Generating unique identifiers is a common need that third-party scripts integrated on Web pages and e-commerce sites have for analytics, marketing purposes, or advertising.

These scripts are almost always loaded from a CDN (Content Delivery Network) whenever they get used at a big enough scale to get optimal response times and to reduce the load on origin servers.

This means that scripts cannot be generated on-the-fly. A workaround could be (or used to be) to have the CDN generate a unique identifier and store it in a cookie, except that user privacy legislation like GDPR and ePrivacy directives in Europe or the CCPA in the USA prevent cookies to be set until the user has given their unambiguous consent.

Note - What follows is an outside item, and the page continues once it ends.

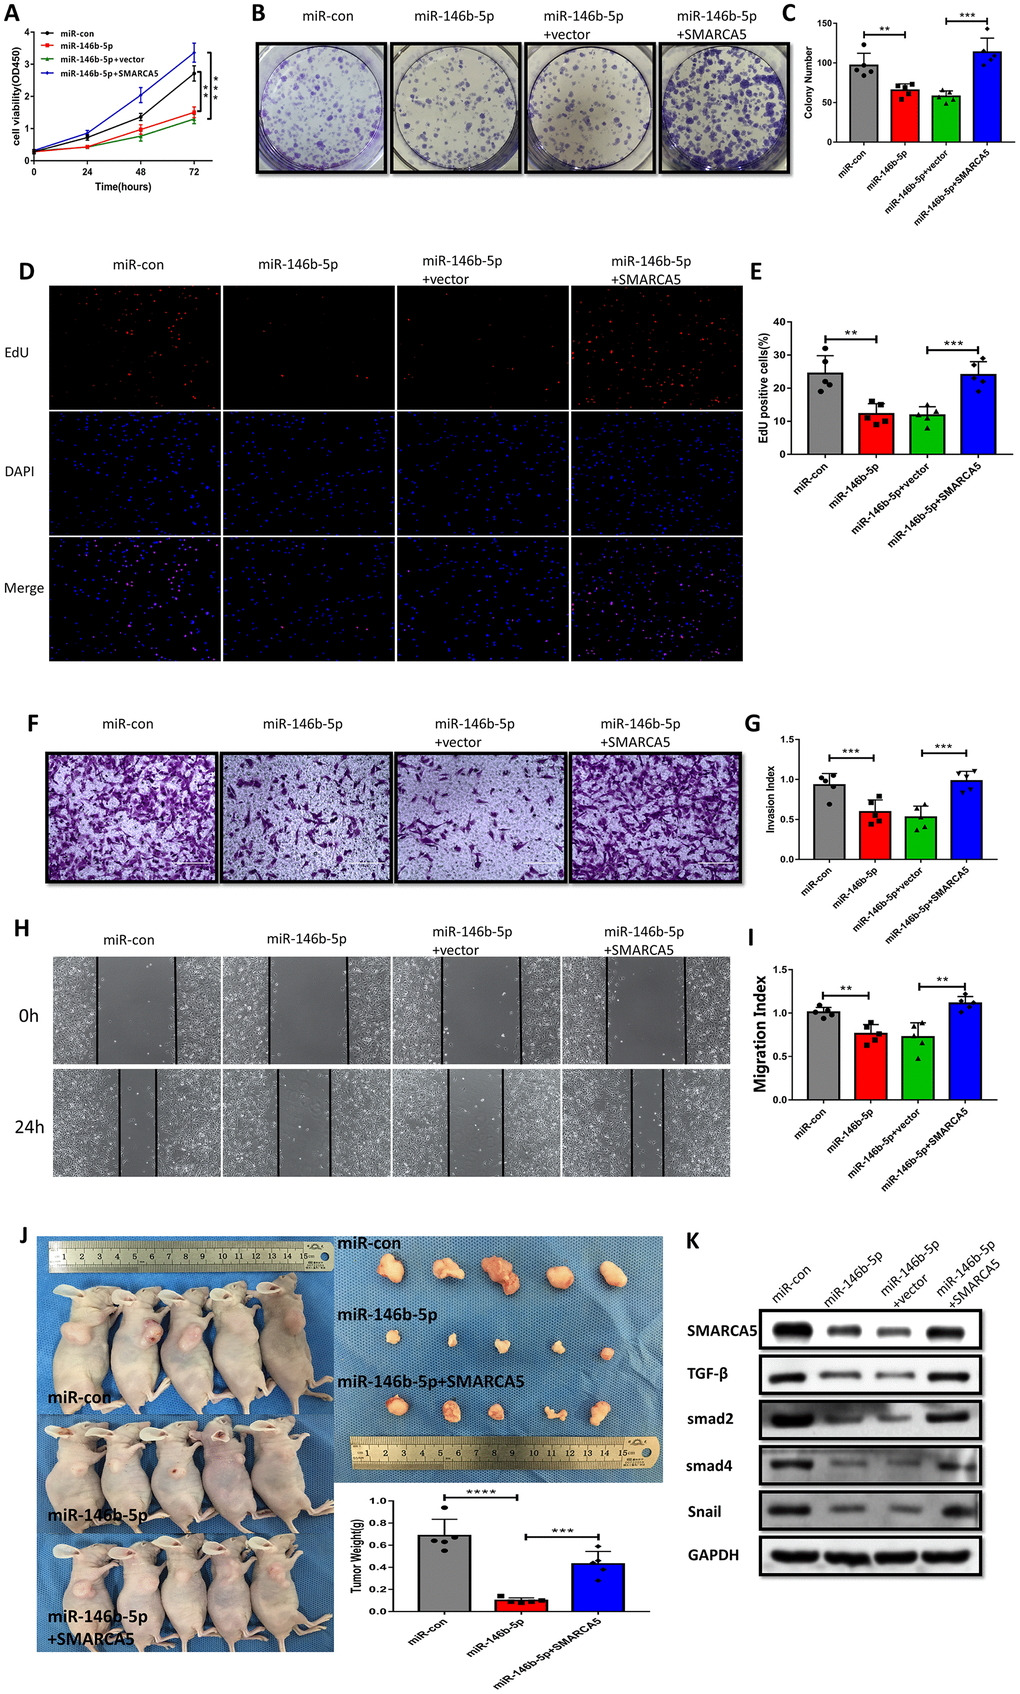 SMARCA5 restoration reverses miR-146b-5p-mediated inhibition of F GSC/MSC proliferation and metastasis. (A) CCK8, (B and C) colony formation, and (D and E) EdU assays were conducted to evaluate F GSC/MSC proliferation after transfection with miR-146b-5p alone or co-transfection with miR-146b-5p plus SMARCA5. (F and G) Transwell assays to assess the invasiveness of F GSC/MSCs transfected with miR-146b-5p alone or with miR-146b-5p plus SMARCA5. (H and I) Wound healing assays to assess migration of F GSC/MSCs transfected with miR 146b 5p alone or with miR-146b-5p plus SMARCA5. (J) Xenograft model for evaluation of tumorigenesis in vivo. (K) Western blot analysis of proteins in the TGF β pathway in F GSC/MSCs transfected with miR-146b-5p alone or with both miR 146b 5p and SMARCA5.

Uniquely identifying advertising experiences

As an online advertising company, Teads gathers and stores data about each ad experience. An ad experience consists of all the events that occur when a user visits a Web page and loads an ad script, starting with initializing a player for the ad, and including requests to the ad server and user actions such as clicks. To classify a set of events as referring to the same experience, we need to be able to identify this experience uniquely, and do so from the very beginning, i.e. before calling an ad server.

Until now, the ad server was generating a unique identifier and was sending it as part of the ad response. This was problematic because events prior to the response did not have an identifier, so you needed to cross-reference pieces of data to find the events that belonged together. Server-side generated identifiers are pretty much guaranteed to be unique, and before touching production systems, we had to make sure that browsers, too, could generate identifiers that are universally unique.

Universally Unique IDentifiers

A UUID (Universally Unique IDentifier, also known as GUID — Globally Unique IDentifier) is a 128-bit value that can be generated by a computer independently, i.e. without communicating with other computers, and is expected to be unique with a very high probability. UUIDs are written as a sequence of hexadecimal digits separated by dashes.

Below is an example of a version 4 UUID as defined by RFC 4122:

Initially conceived for distributed computing as part of the Network Computing System (NCS), UUIDs have been used in many different cases where their properties are useful. On Windows, the use of UUIDs is pervasive as they identify all COM classes (CLSID) and interfaces, and therefore are used by all COM-based Windows APIs and applications, as well as many OS objects such as users, security policies, etc.

As a matter of fact, of the four variants that can be specified, apart from the RFC-compliant variant shown above and the reserved variant, the other two are 1) NCS backward compatibility (most significant bit is 0, digits 0 to 7) and 2) Microsoft Corporation backward compatibility (most significant bits are 110, digits C and D).

Other applications of UUIDs include filesystems, for instance in the GUID Partition Table (part of UEFI), or databases where they can be used instead of traditional integers as the primary keys of records. In the context of online advertising, they are frequently used to uniquely identify a user viewing an ad on the Web. For instance, the Interactive Advertising Bureau (IAB) recommends the use of UUID for the IDFA (Identifier for Advertising) / AAID (Google Advertising ID for Android), which uniquely identifies a user on mobile.

Pick your version

UUIDs version 1 and 2 use a combination of the MAC address of the computer that generates the identifier, a timestamp equal to the current time UTC with a 100-nanosecond precision, and a “clock sequence” to disambiguate identifiers within a 100ns period, which can be monotonically incremented or random.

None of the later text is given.